Milei afirmó que los resultados reflejan "el anhelo de libertad y progreso del pueblo colombiano" y consideró que representan un rechazo al modelo socialista impulsado en distintos países de la región.
El mandatario argentino expresó además que una eventual victoria de De la Espriella significaría el retorno de Colombia al grupo de las "naciones libres" y fortalecería principios relacionados con la defensa de la propiedad privada, la libertad económica y la seguridad.
Las comparaciones entre ambos líderes han sido frecuentes durante la campaña debido a sus discursos antisistema, sus propuestas de reducción del tamaño del Estado y el uso de figuras simbólicas asociadas a animales fuertes: "El Tigre" en el caso colombiano y "El León" en el argentino.
Una campaña que se vuelve más agresiva
Si la campaña electoral ya venía caracterizada por la confrontación verbal, los discursos pronunciados por los dos finalistas tras conocerse los resultados dejaron claro que la intensidad aumentará en las próximas semanas.
Durante su intervención, De la Espriella lanzó fuertes calificativos contra Cepeda, a quien llamó "marioneta", "impedido" y "bandido aliado de narcoterroristas".
La respuesta no tardó en llegar.
Cepeda calificó a su adversario como "estafador de estafadores", "misógino", "homófobo" y aseguró que representa una expresión del "fascismo mafioso".
Los ataques personales ocuparon buena parte de los discursos de ambos candidatos, quienes además retomaron algunos de los episodios más polémicos de sus respectivas trayectorias públicas.
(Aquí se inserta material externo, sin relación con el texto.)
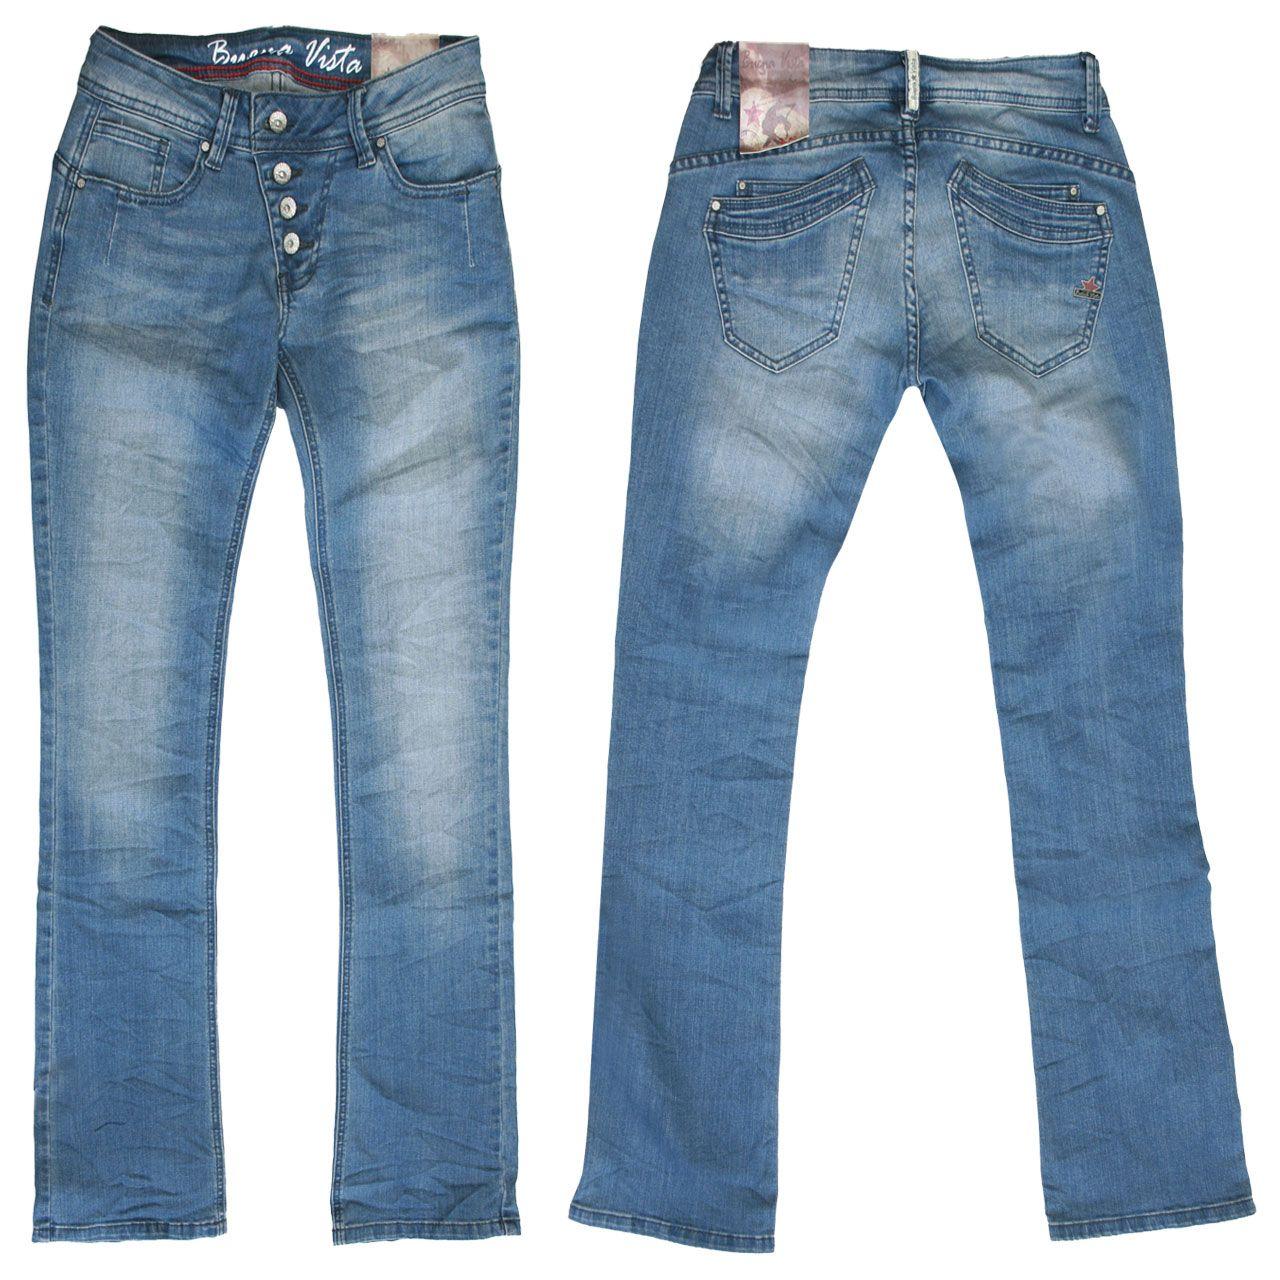 Buena Vista Jeans Malibu-Flare middle blue - Durch die schöne ...

Entre ellos reaparecieron referencias a las supuestas menciones de Cepeda en documentos atribuidos al fallecido líder guerrillero Raúl Reyes y a declaraciones pasadas de De la Espriella sobre hechos que han generado controversia en la opinión pública.
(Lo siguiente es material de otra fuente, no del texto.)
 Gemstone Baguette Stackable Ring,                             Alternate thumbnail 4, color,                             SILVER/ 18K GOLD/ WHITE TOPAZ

Colombia entra en la fase decisiva
Concluida la primera vuelta, Colombia inicia ahora tres semanas decisivas que definirán quién gobernará el país durante los próximos cuatro años.
Más allá de los números, la elección ha evidenciado la profunda fragmentación política de la nación sudamericana y el creciente enfrentamiento entre proyectos ideológicos que buscan imponer visiones opuestas sobre economía, seguridad, justicia social y relaciones internacionales.
La segunda vuelta del 21 de junio se perfila como un referéndum político entre la continuidad de las propuestas impulsadas por la izquierda gobernante y una alternativa conservadora que promete un giro drástico en la conducción del Estado.
En un escenario marcado por la polarización, las denuncias sobre el proceso electoral y una retórica cada vez más agresiva, el país se encamina hacia una de las decisiones más trascendentales de su historia democrática reciente.